PROCESS FOR THE PREPARATION OF MICRONISED COLLAGEN, AND ITS THERAPEUTIC APPLICATIONS

Abstract

Non-denatured type I native collagen extracted from animal tendons is purified and brought into the form of a stable, sterile and meterable powder having a particle size of not more than 20 microns. The powdered collagen so obtained has favourable characteristics of distribution and is particularly efficacious in the more delicate phases of the wound-healing process compared with powdered collagens obtained by known methods.

Description

CROSS-REFERENCE TO RELATED APPLICATIONS

This application is a continuation-in-part application of co-pending application Ser.

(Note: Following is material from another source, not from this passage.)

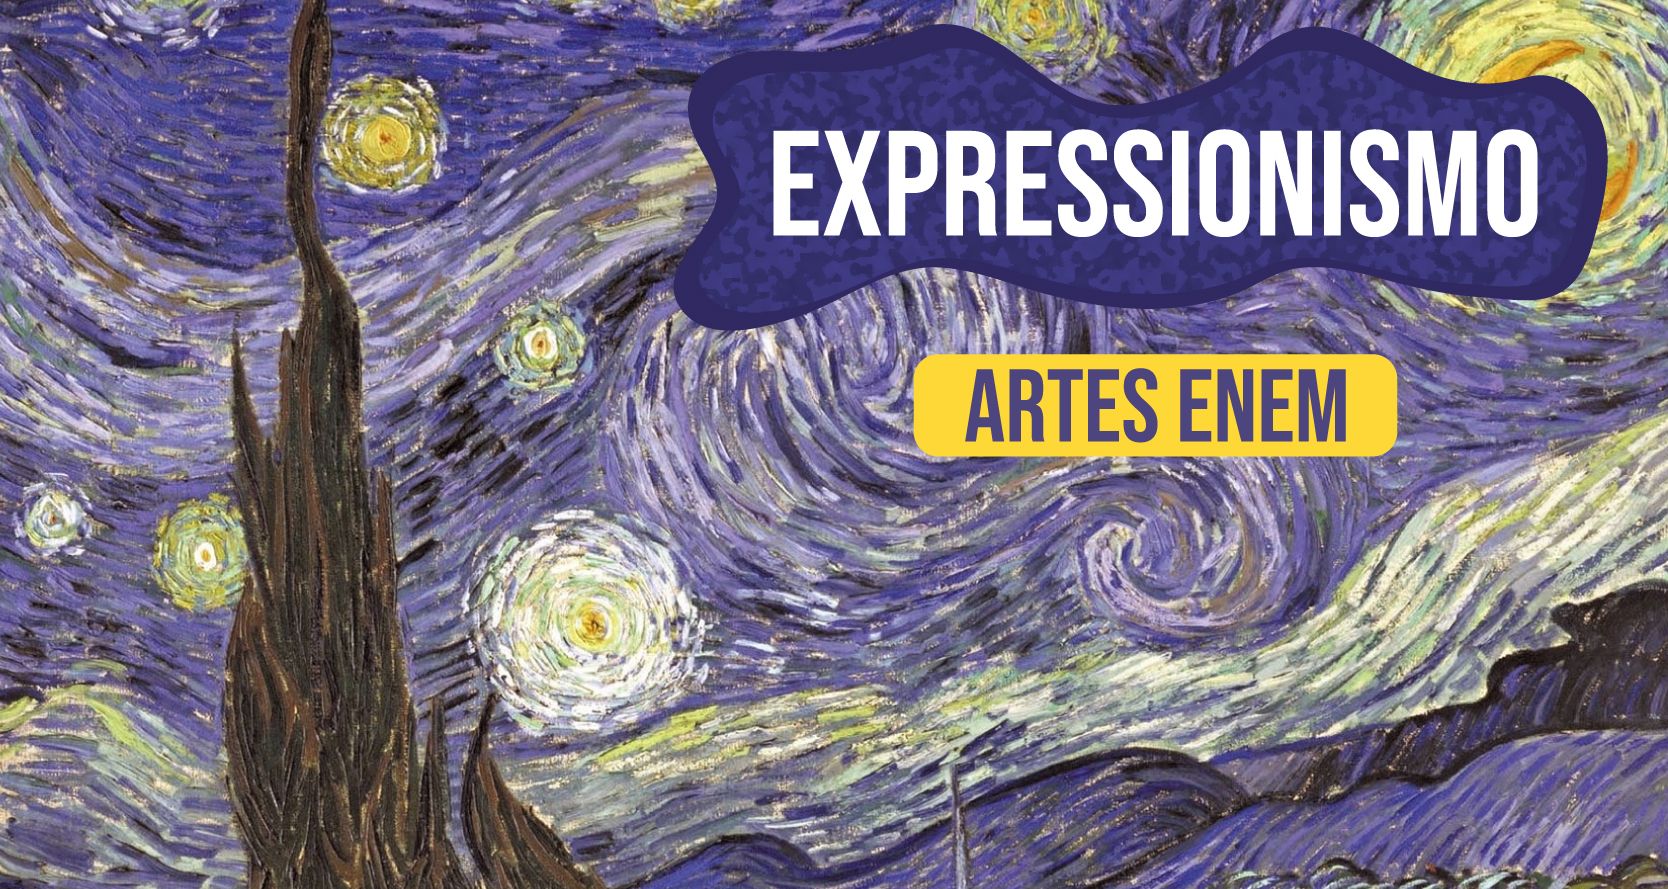 Expressionismo (início Do Século Xx): O Que é, Origem, Características, Fases, Obras E Artistas

No. 10/169,857, filed July 9, 2002, entitled PROCESS FOR THE PREPARATION OF MICRONISED COLLAGEN, AND ITS THERAPEUTIC APPLICATIONS, the disclosure of which is incorporated herein by this reference.

FIELD OF THE INVENTION

The present invention relates to a process for the preparation of powdered collagen starting from native type I collagen.

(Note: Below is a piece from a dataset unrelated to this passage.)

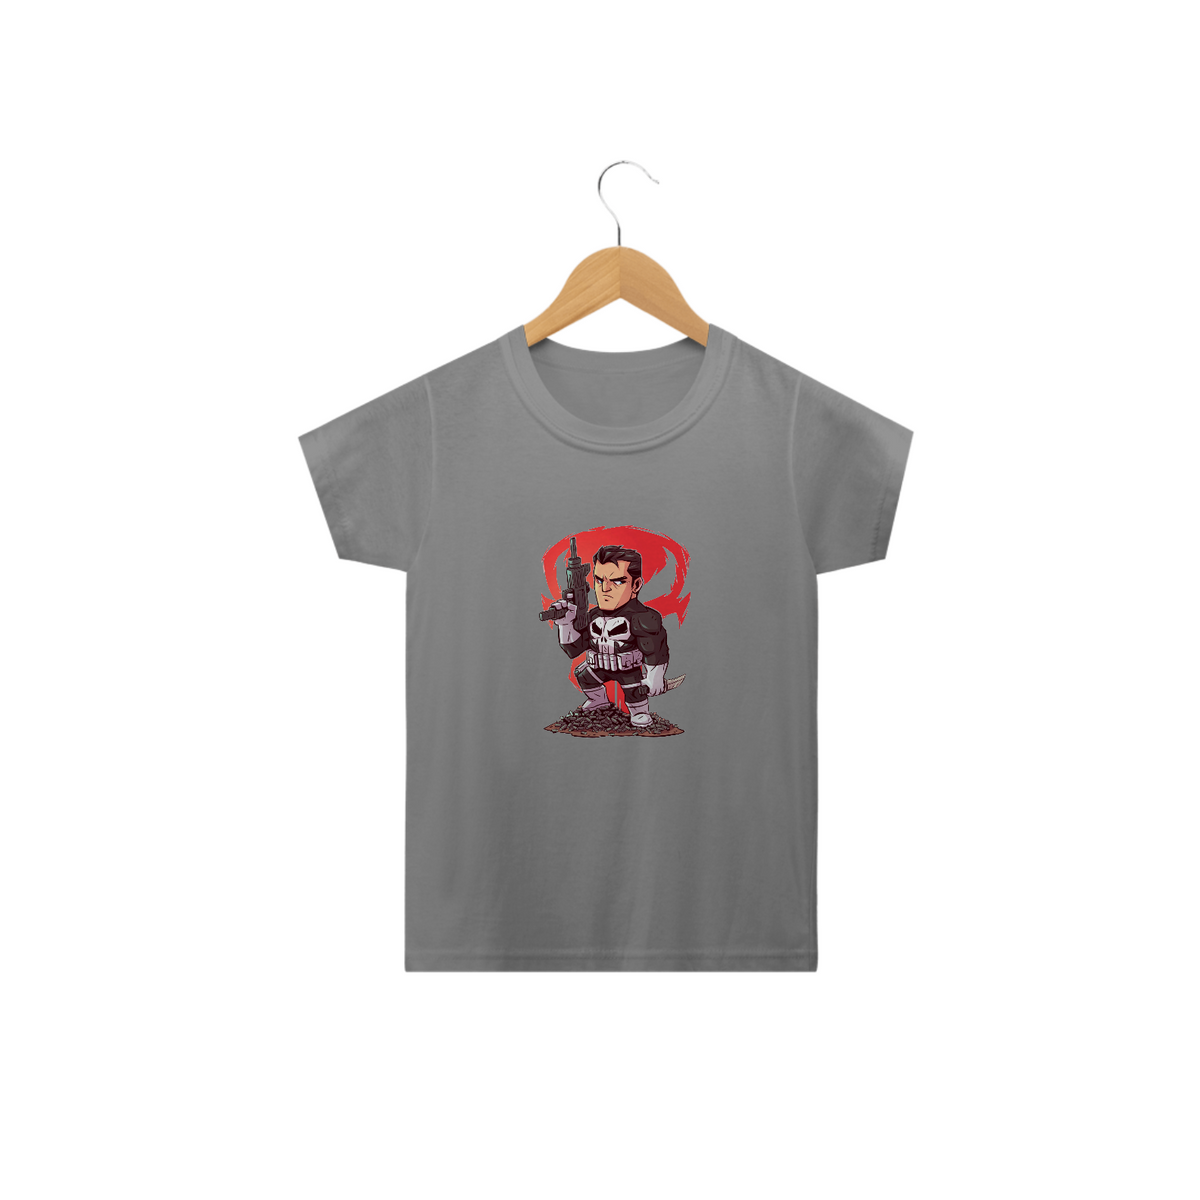 Nome do produto: Camiseta Infantil Justiceiro - Miniatura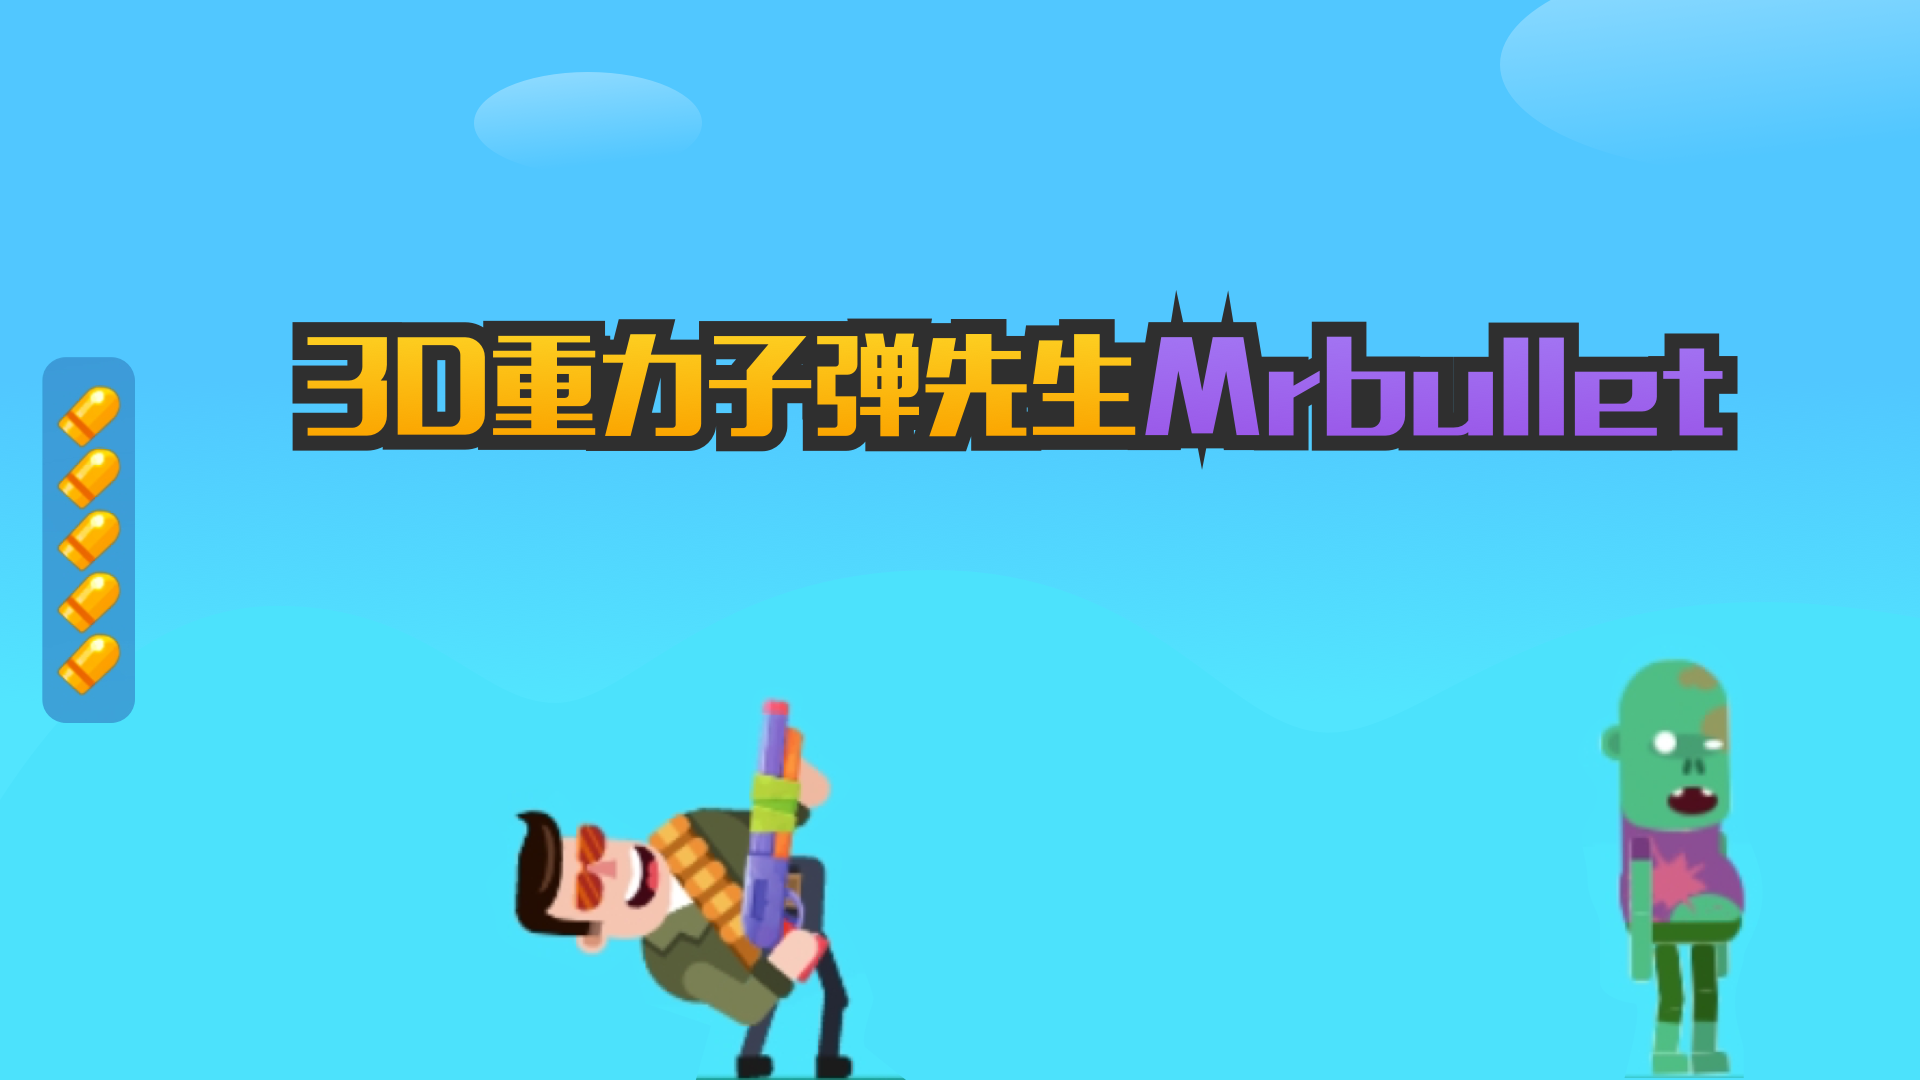 Banner of 3D重力子彈先生Mrbullet 1.0.0

Collagen, a polypeptide substance having a molecular weight of approximately 300.000 Daltons is the most abundant fibrous protein in the higher vertebrates because it is the principal constituent of the skin, the connective tissue and the organic material present in the bones and teeth, and represents approximately one third of the total amount of proteins in the human body (Alberts et al “Molecular Biology of the Cell” Garland Publishing Inc., New York and London. 1983).

The production of collagen in the bodies of mammals is preceded by the formation of a larger biosynthetic precursor, precollagen, which is then degraded by specific enzymes to form collagen. Various types of collagen occur naturally and they are all composed of three polypeptide chains which have a constant periodicity and which are arranged in a triple helix; the difference between the various types of collagen is caused by small differences in the primary structure of the chains.

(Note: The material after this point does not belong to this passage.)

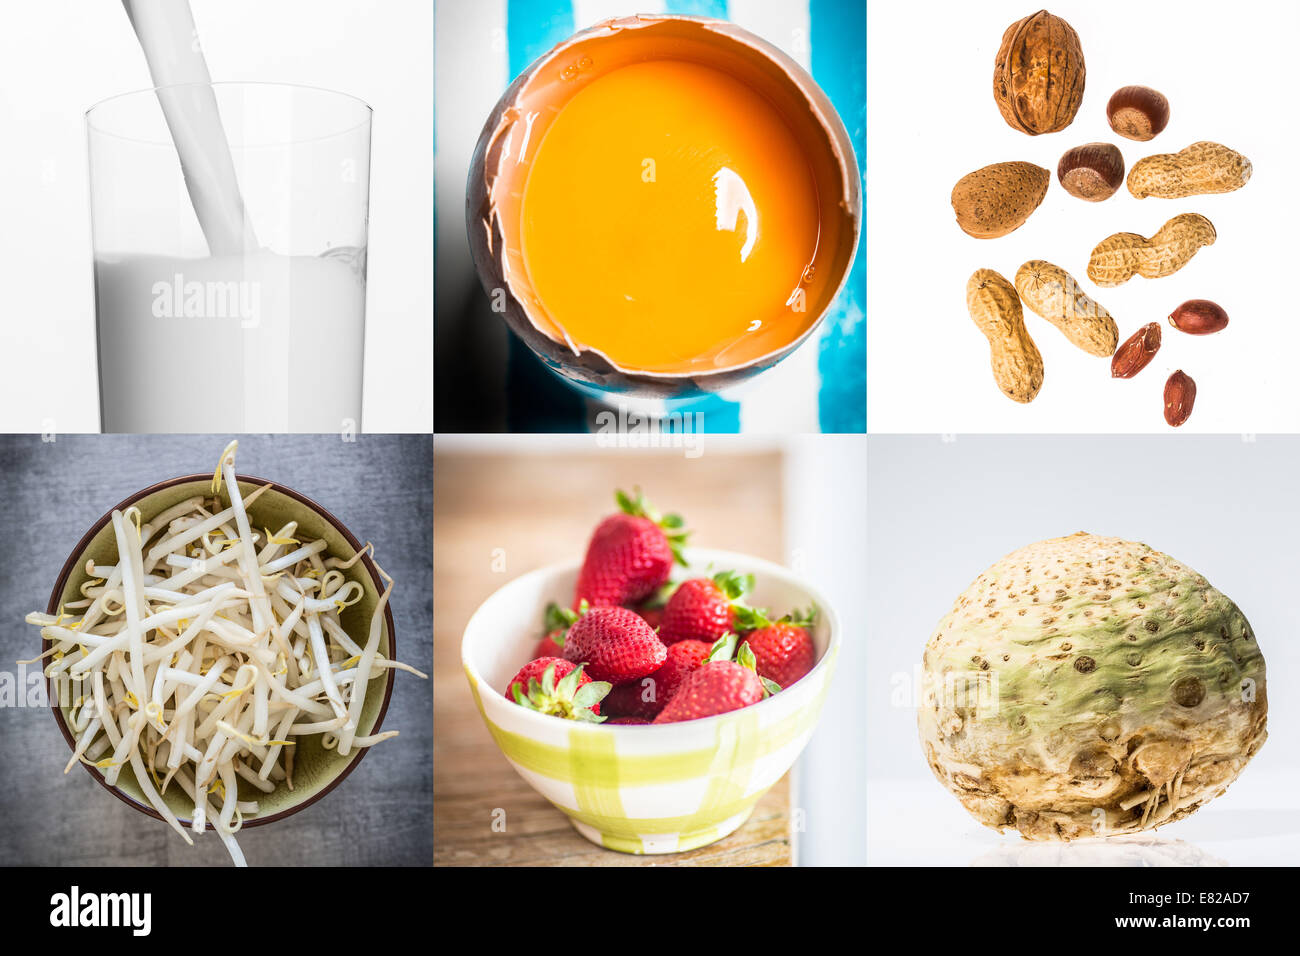 Diferentes productos alimenticios alergénicos. Foto de stock

Type I collagen, which is the basic constituent of the skin, bones and tendons, may be regarded as the most abundant of the various types of collagen; it has a 2α1 (I) α2 (I) chain composition where the two α1 chains and the α2 chain are homologous. Moreover type I collagen shows typical polymeric aggregations in fibrils and fibers and this is the situation of its native non-denatured form in nature. Present between the two α1 chains and the α2 chain and between the molecules which give origin to the polymeric aggregations are electrostatic interactions and hydrogen bonds which, together with the presence of hydroxyproline, confer on the molecule characteristics of toughness and strength.

The literature discloses the use of collagen as a stimulating agent in the process of wound-healing by interaction with various growth factors, for its action of capturing fibronectin, as well as the migration and replication of cells which are the consequence thereof (Il collagene nella cicatrizzazione (Collagen in wound-healing) by B. Palmieri, published by Artestampa, January 1990, pages 40-42), and for other actions which have not yet been sufficiently clarified.

U.S. Pat. No. 6,761,908 discloses a denatured collagen preparation for the controlled release of active substances. GB2274458 discloses a denatured collagen which is suitable for use in the clarification of liquids. Denatured collagen preparations are also disclosed by JP08-027035, U.S. Pat. No. 5,356,614 and U.S. Pat. No. 5,196,185. JP10-182499 discloses collagen preparations for the sustained release of ophthalmic active ingredients.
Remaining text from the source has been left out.